[Source: Hansard, 3/XXXIX/68-71. Added by Marjie Bloy Ph.D., Senior Research Fellow, National University of Singapore.]
Lord John Russell made this speech as part of his Address at the meeting of the first parliament of Queen Victoria's reign. As was customary on the accession of a new monarch, there had been a general election: this was one of a succession of general elections while the Whigs held office. Thomas Wakley, the MP for Finsbury, had proposed that the Reform Act of 1832 should be amended to include a further extension of the franchise, the introduction of a secret ballot and the repeal of the Septennial Act that required a general election to be held every seven years. Russell opposed these changes and it is from this speech that he acquired the nickname "Finality Jack".
The hon. Member [Wakley] who moved the amendment has brought forward questions
which have also been dwelt upon by other Members, and he has asked me whether
I will support them. He has mentioned the question of the ballot — he has mentioned
the question of the extension of the suffrage, and the question of triennial
parliaments.

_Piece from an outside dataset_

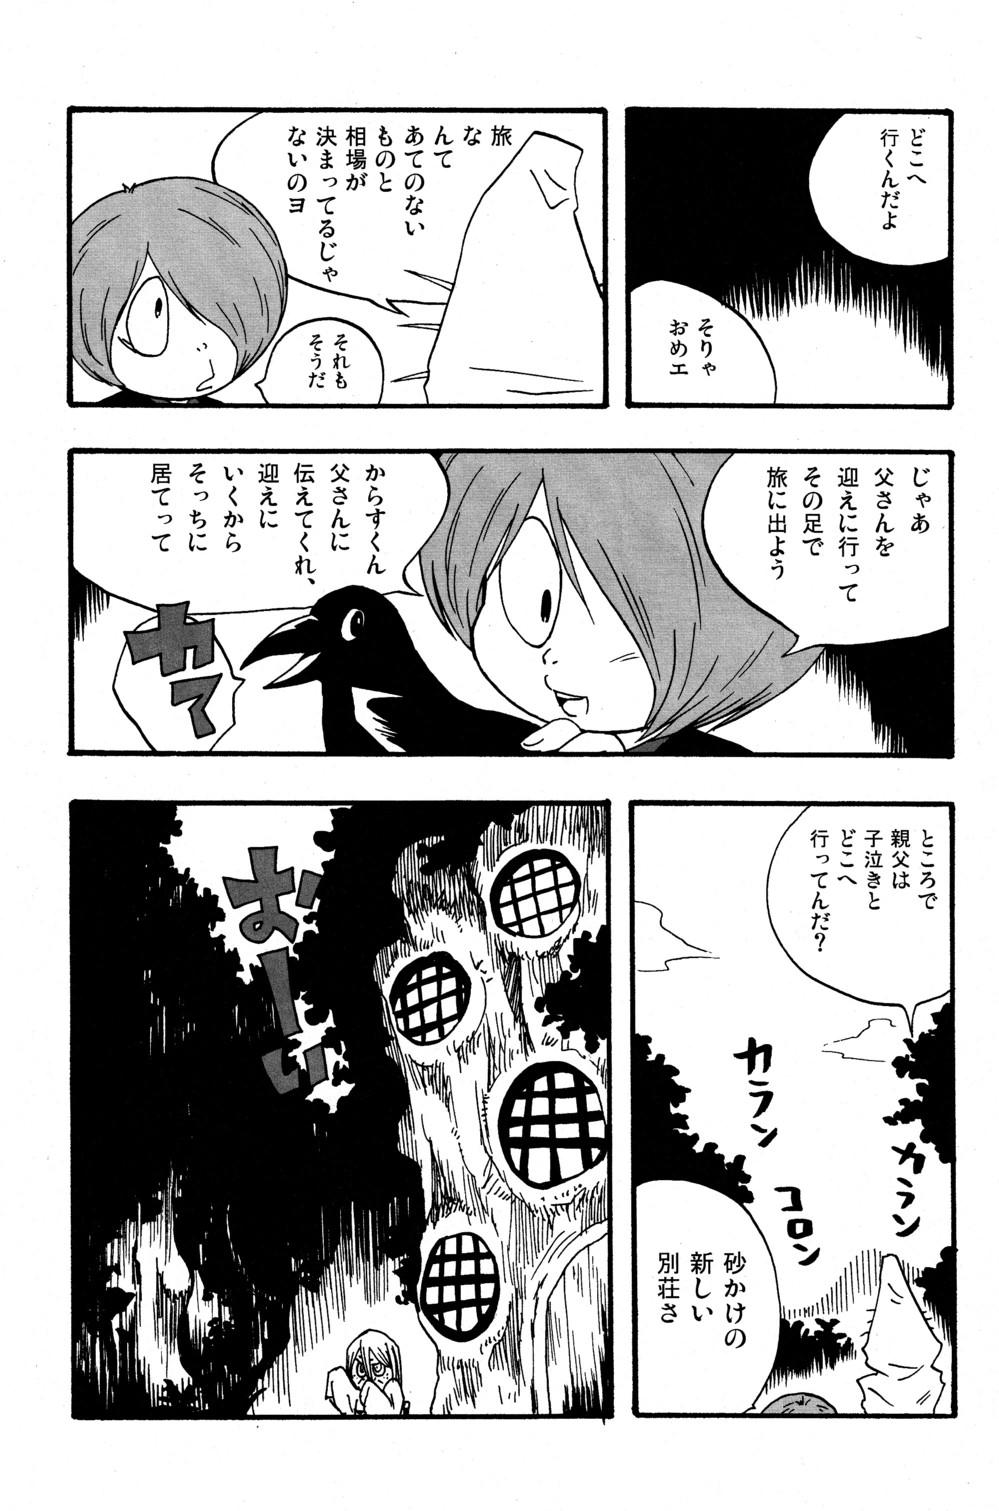 Pornstars Kawaisa Amatte Nantoka Hyakubai - Gegege no kitarou Monster - Page 11

These he has brought forward in three separate amendments, all
forming parts of the same measure. He has put his powders into three separate
papers, as portions of the same medicine. I am not going now to enter into the
reasons and arguments with which each of these measures may be supported or
opposed, — I will not enter into the discussions of the question generally,
but I am bound to give some explanation of my views with regard tot he Reform
Act in relation to my present position. I cannot conceal the disadvantages and
the injuries to which the Reform Act is subject. I admit that at the late elections
corruption and intimidation prevailed to a very lamentable extent. I admit that
some parts of the Reform Act are the means of making it a source of great vexation
to the real and bona fide voter. I admit that with respect to the registration
of voters in particular, great amendments may be made. But these are questions
upon which I consider Parliament should always feel bound to be alive and attentive
to see that the Act suffers no essential injury, and that any errors in the
details which might be made in the commencement might be afterwards remedied.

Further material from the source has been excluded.